WindowsWinapiPosixWindows Problem Overview
On POSIX systems rename(2) provides for an atomic rename operation, including overwriting of the destination file if it exists and if permissions allow.
Is there any way to get the same semantics on Windows? I know about MoveFileTransacted() on Vista and Server 2008, but I need this to support Win2k and up.
The key word here is atomic... the solution must not be able to fail in any way that leaves the operation in an inconsistent state.
I've seen a lot of people say this is impossible on win32, but I ask you, is it really?
Please provide reliable citations if possible.
Windows Solutions
Solution 1 - Windows
See ReplaceFile()
in Win32 (http://research.microsoft.com/pubs/64525/tr-2006-45.pdf)
Solution 2 - Windows
Win32 does not guarantee atomic file meta data operations. I'd provide a citation, but there is none - that fact that there's no written or documented guarantee means as much.
You're going to have to write your own routines to support this. It's unfortunate, but you can't expect win32 to provide this level of service - it simply wasn't designed for it.
Solution 3 - Windows
In Windows Vista and Windows Server 2008 an atomic move function has been added - MoveFileTransacted()

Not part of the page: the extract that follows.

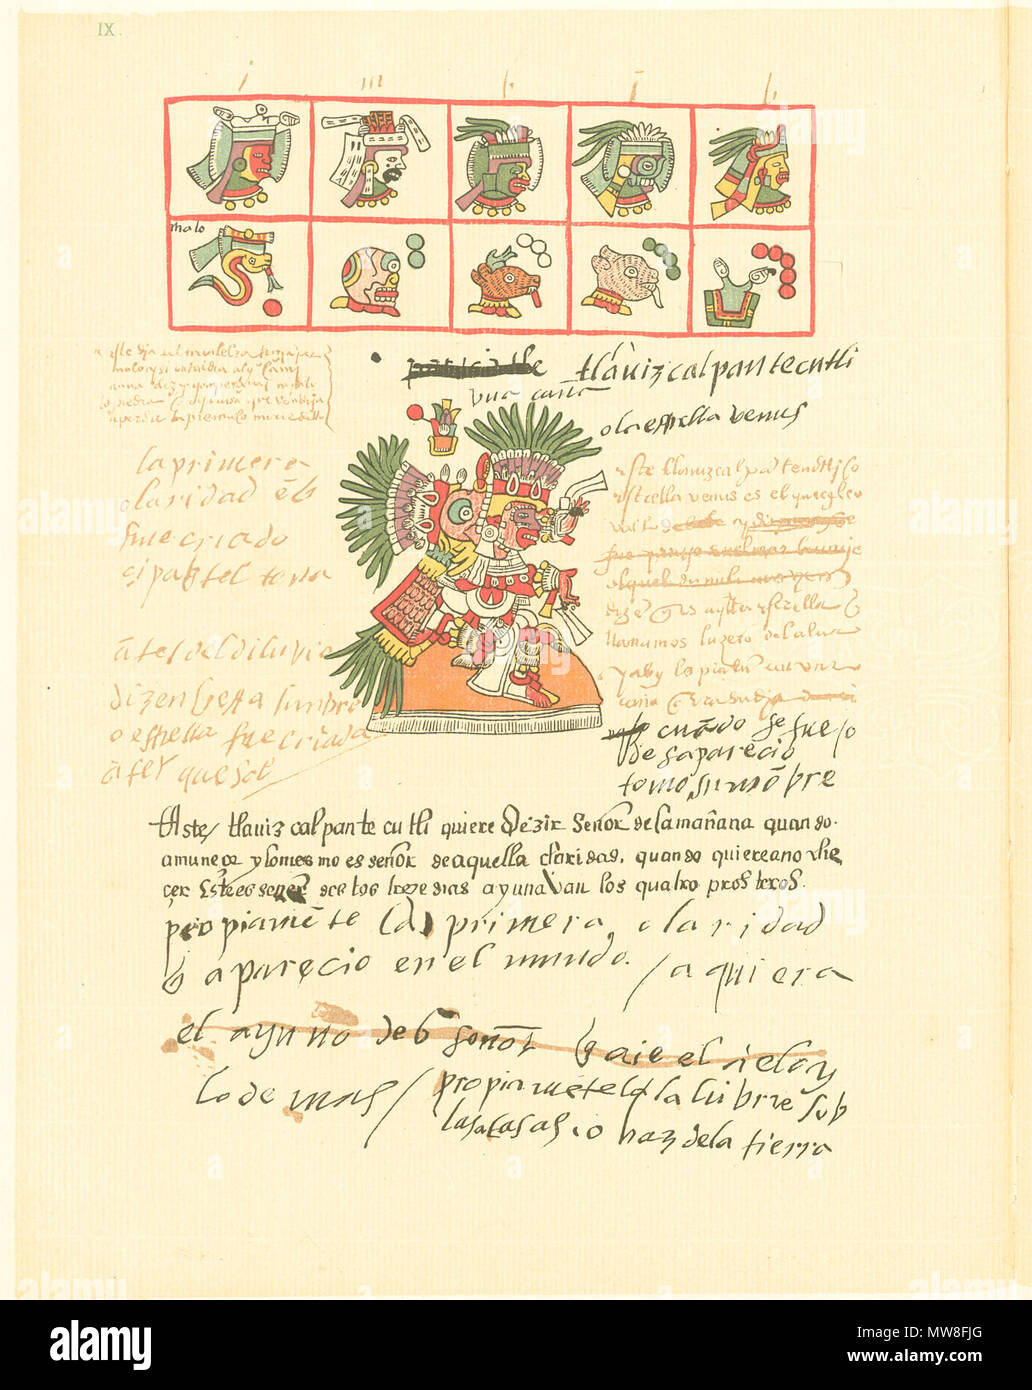 English: Codex Telleriano-Remensis, Folio 14v (Loubat edition

Unfortunately this doesn't help with older versions of Windows.
Solution 4 - Windows
Starting with Windows 10 1607, NTFS does support an atomic superseding rename operation. To do this call NtSetInformationFile(..., FileRenameInformationEx, ...)

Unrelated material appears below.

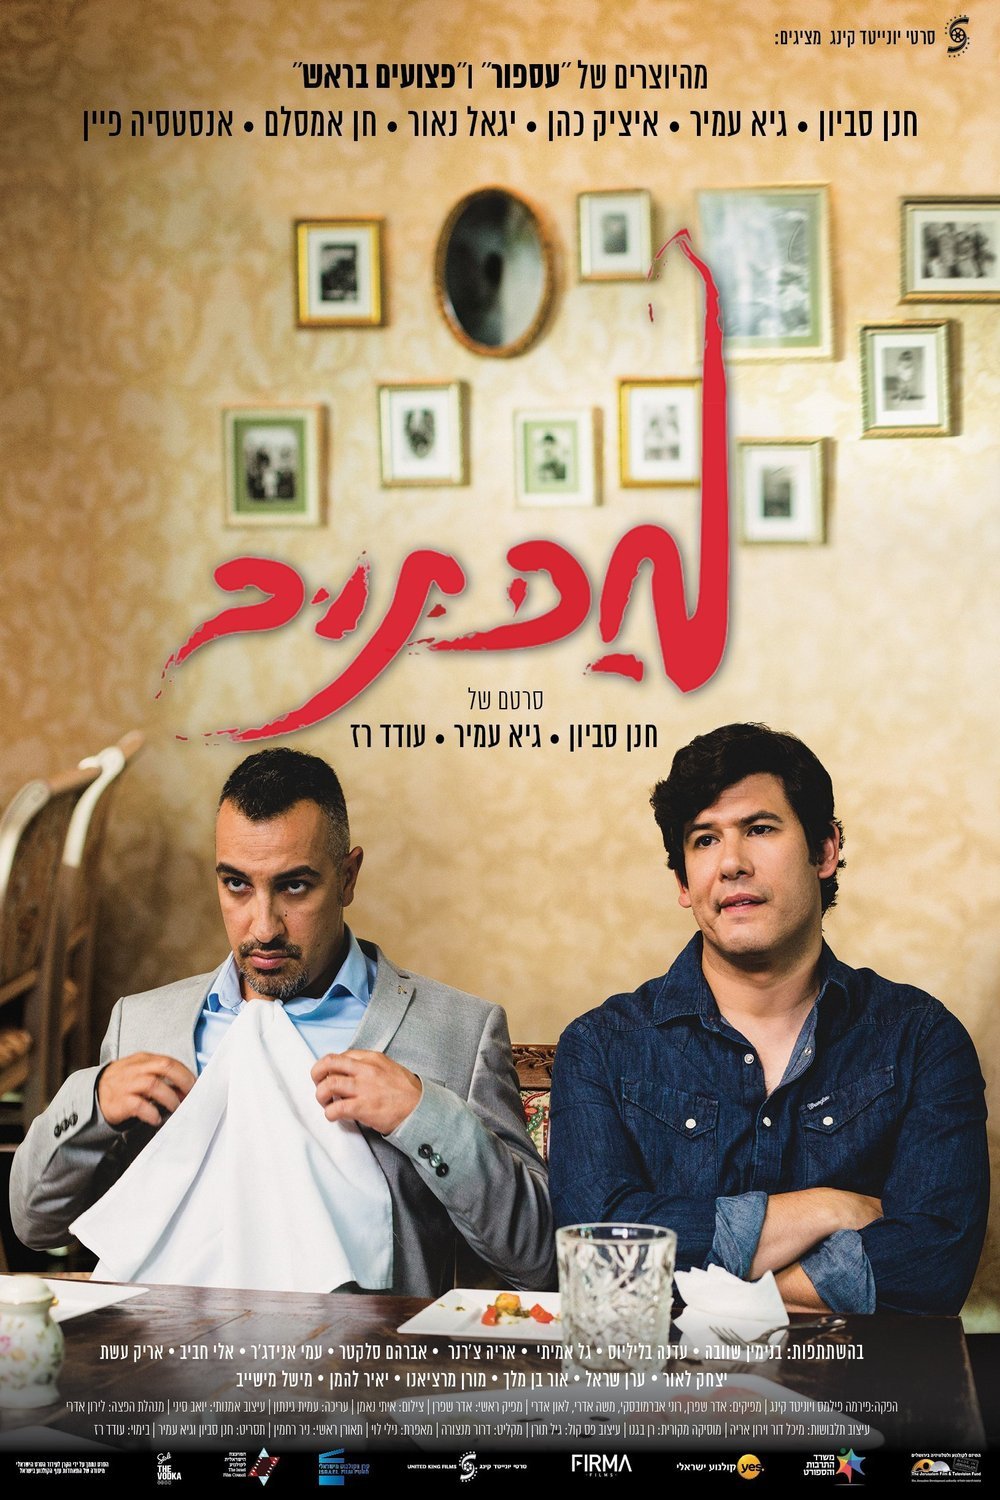 L'affiche originale du film Maktub en hébreu

and specify the FILE_RENAME_POSIX_SEMANTICS
flag.
Or equivalently in Win32 call SetFileInformationByHandle(..., FileRenameInfoEx, ...)
and specify the FILE_RENAME_FLAG_POSIX_SEMANTICS
flag.
Solution 5 - Windows
you still have the rename() call on Windows, though I imagine the guarantees you want cannot be made without knowing the filesystem you're using - no guarantees if you're using FAT for instance.
However, you can use MoveFileEx and use the MOVEFILE_REPLACE_EXISTING and MOVEFILE_WRITE_THROUGH options. The latter has this description in MSDN:
> Setting this value guarantees that a > move performed as a copy and delete > operation is flushed to disk before > the function returns. The flush occurs > at the end of the copy operation.
I know that's not necessarily the same as a rename operation, but I think it might be the best guarantee you'll get - if it does that for a file move, it should for a simpler rename.
Solution 6 - Windows
The MSDN documentation avoids clearly stating which APIs are atomic and which are not, but Niall Douglas states in his Cppcon 2015 talk that the only atomic function is
with FILE_RENAME_INFO.ReplaceIfExists
set to true. It's available starting with Windows Vista / 2008 Server.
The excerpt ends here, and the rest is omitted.